This is my review for Ion Fury (2019). It focuses on the game's best components: gameplay and level design. The game's negatives mostly revolve around its "neutral" politics, which are largely relegated to the dubious in-game Read Me. Because the Read Me feels so disjointed from the main game, I have chosen to analyze it in a separate critique that views Ion Fury through a feminist-Gothic lens. You can read that here.


Ion Fury is a Build engine game developed by Voidpoint and produced by 3DRealms, the makers of the original Duke Nukem 3D. Like Duke NukemIon Fury is 2.5D, with a 3D environment, 2D, sprites (re: enemies and items), and some 3D objects made of something called voxels. Cool. The game's heroine, Shelly "Bombshell" Harrison, must use a unique combination of strategy (re: exploration, platforming and resource management) and battle tactics to survive Ion Fury's maze-like levels.

In their review, IGN wrote, "although it’s a frenetic, fun, occasionally frustrating yet inarguably authentic throwback to Duke Nukem 3D, it ultimately hails to the king without making a strong enough effort to dethrone him." IGN is stupid; Ion Fury is the best Build engine game by far—better than Duke by a mile, and even better, gameplay-wise, than my personal favorite, Blood

Ion Fury's gameplay is better than Blood, and the gameplay in Blood is already mostly excellent. However, I'm a Gothicist and still prefer Monolith's textual emphasis on horror films.

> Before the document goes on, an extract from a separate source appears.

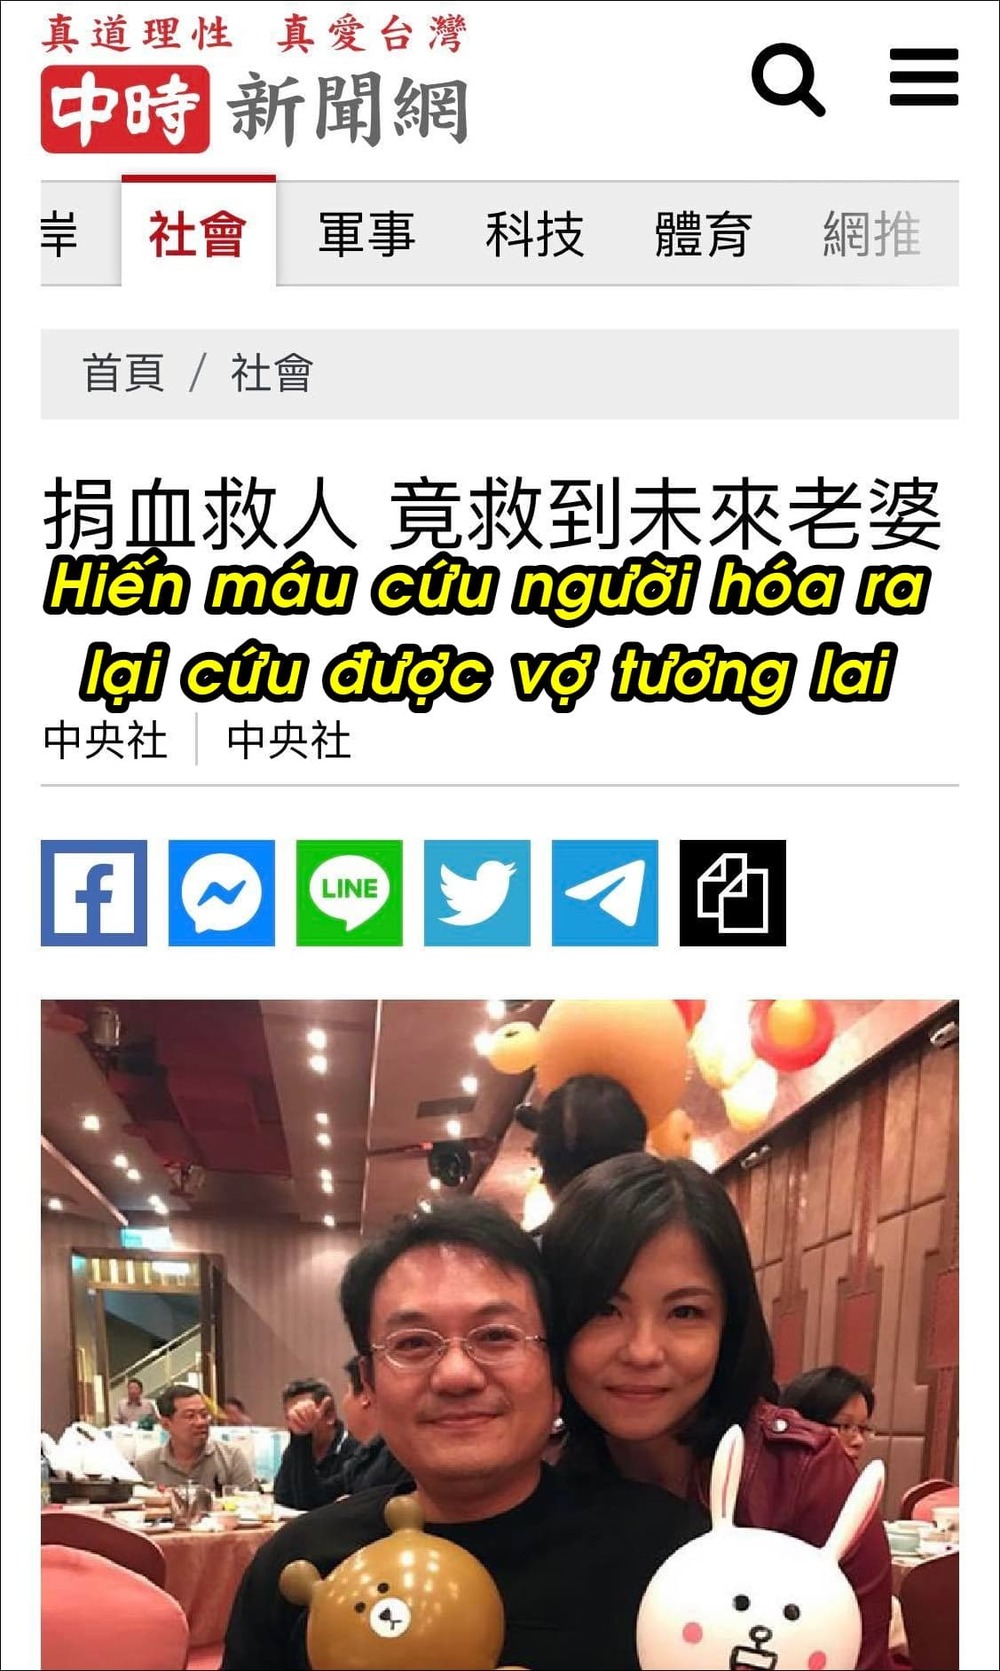  
Câu chuyện đặc biệt của cặp đôi Đài Loan thu hút sự chú ý của mọi người. (Ảnh: Chụp màn hình China Times)

Horror media can perpetuate superstition and xenophobia; but more often than not, it gives those oppressed by the state a voice. Action movies can empower the weak (re: the Western hero teaching the town to combat the dastardly Railroad's army of mercenaries); they can also voice the concerns of those already privileged by the state (re: Nixon's "silent majority"). 

To its credit, Ion Fury avoids straight up propaganda. It's a story without overt politics, choosing to advertise its more dubious ideas through '80s popcorn junk: Kicking ass is cool; so is consuming media about kicking ass. And for the most part I can't disagree. The game knows its stuff, offering a dearth of secrets and movie quotes. It's largely in good fun, the sexist and racist elements from older Build games largely removed from the game at large. Crisis averted!

That being said, if you're going to quote bad guys from Die Hard, please quote Hans Gruber, not the annoying lackey who says "Oh, my god, the quarterback is toast!" In a movie with so many memorable lines, why would anyone want to quote that guy?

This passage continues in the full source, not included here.